2. Zmusić innych do działania. Polska samotna jest za słaba. Nasze działania, komuniaty i ostrzeżenia w sprawie Ukrainy często traktowane są przez wielu jako oszołomostwo albo resentymenty związane z naszymi dawnymi ziemiami - Lwowem i Wołyniem. Choć nasza ocena sytuacji zazwyczaj jest słuszna, to jednak komunikaty nie docierają do umysłów kilku polityków. Możemy za to - i to robimy - zmuszać do działania dyplomację Niemiec i Francji. To są już gracze pierwszoligowi. Ich rękami możemy zdziałać wiele - co pokazuje przykład obalenia Wiktora Janukowycza. Krótko mówiąc musimy teraz próbować walczyć cudzymy rękami.

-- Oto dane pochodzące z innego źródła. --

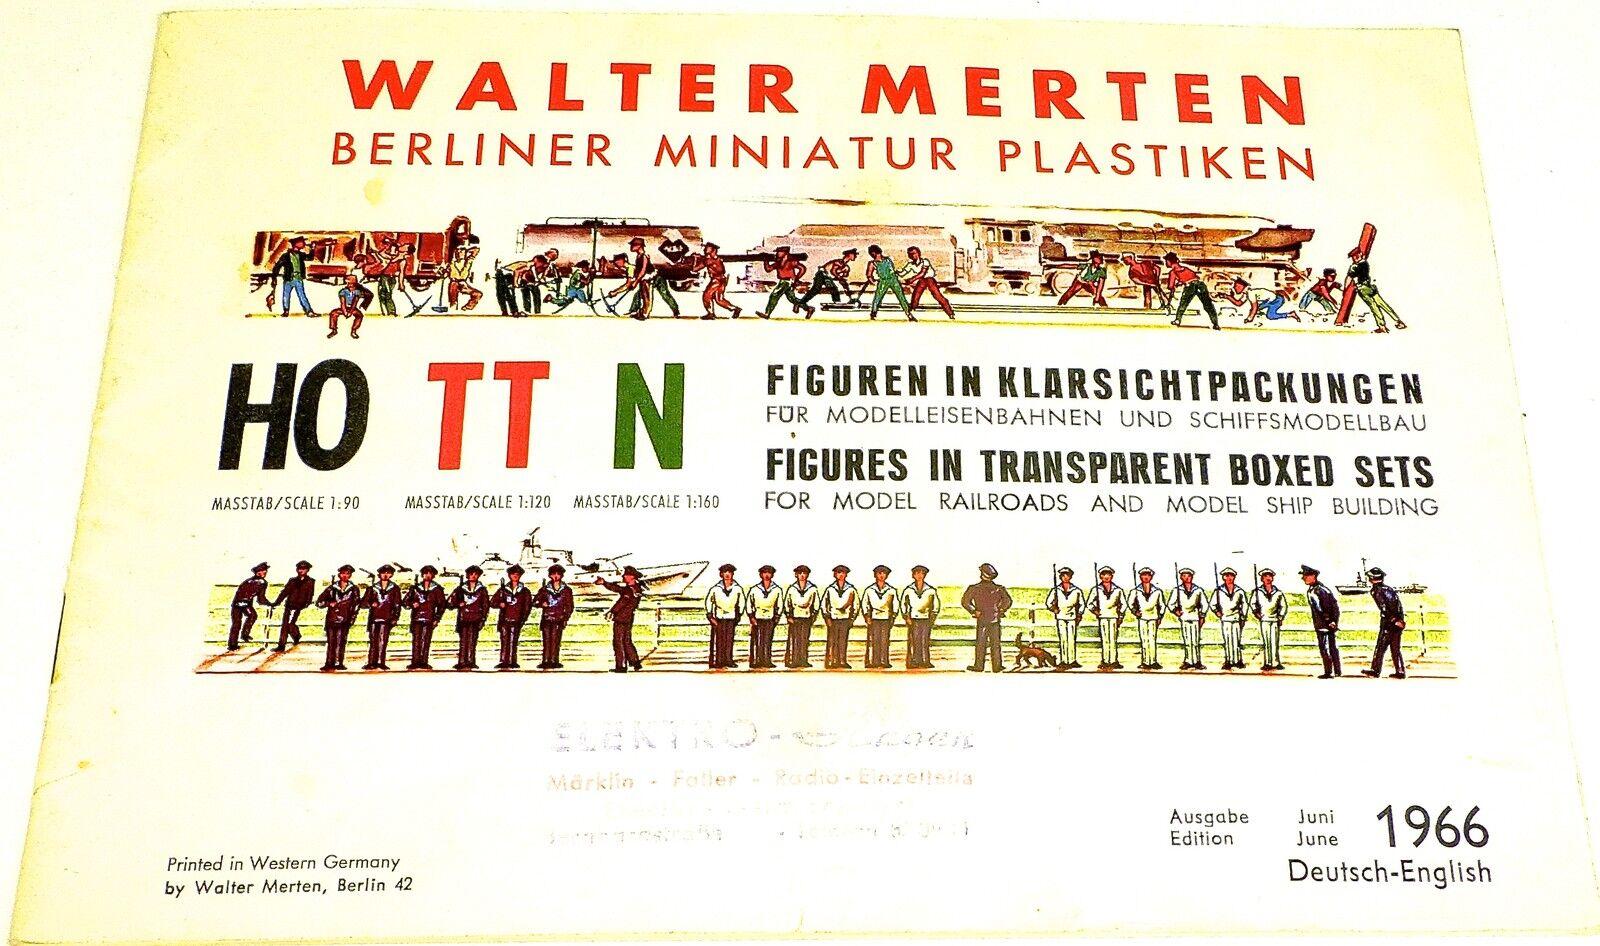 Walter Merten di Berlino Miniatura Plastiken Catalogo Giugno 1966 Tedesco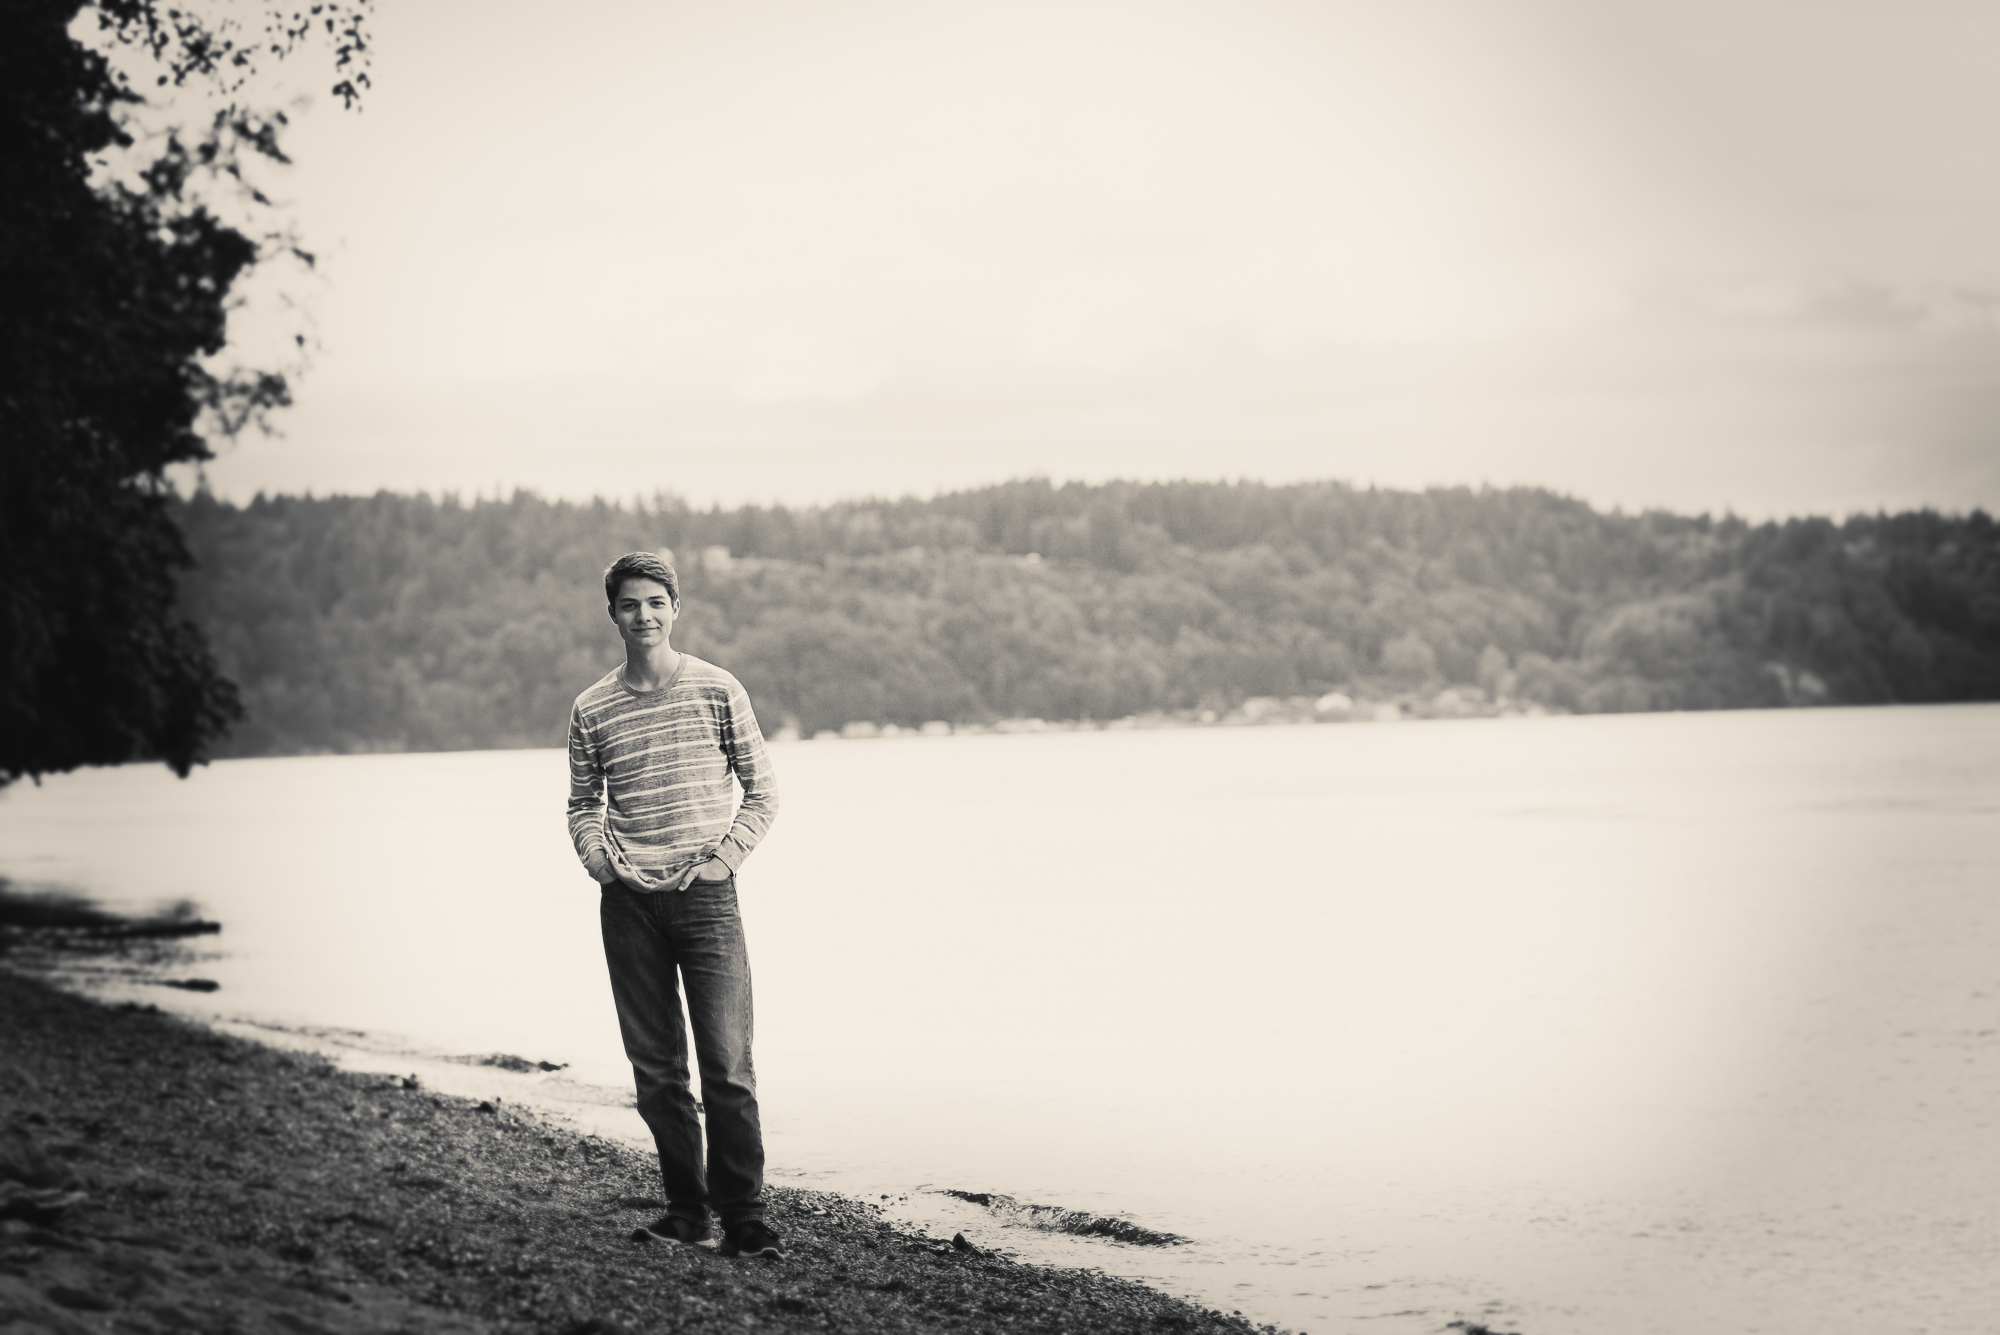 Nate-Senior-Portraits-2cedarsphoto-1.jpg

3. Zrobić dwa kroki do przodu. Przed nami seria spotkań wszelkich gremiów w naszej części świata. Będą dyskutować, naradzać się, ale Ukrainy teraz nie uratują. Polska musi jednak zrobić coś, by nie skończyło się na wyrażaniu "głębokiego oburzenia", bycia "deeply concerned" i "truly sad". Co to może być? Walka o przyszłość. Od lat próbujemy namówić Europę do, mówiąc obrazowo, "odcinania rosyjskich macek na Zachodzie". Chodzi na przykład o wspólne zmniejszanie siły Gazpromu, o zwiększanie odporności Brukseli na rosyjski lobbing w sprawach politycznych i energetycznych (vide łupki). Teraz, gdy przez kilka chwil cała Europa nas słucha, możemy zabezpieczyć swoje interesy.
Czy premier Donald Tusk i minister spraw zagranicznych Radosław Sikorski to wykorzystają? Na pewno znają powagę sytuacji. Przed nimi najważniejsze wyzwanie ich urzędowania.
Tu nie chodzi tylko Krym, który straciliśmy wczoraj, Ukrainę, którą tracimy dziś, ale także o jutrzejszy los naszego własnego kraju.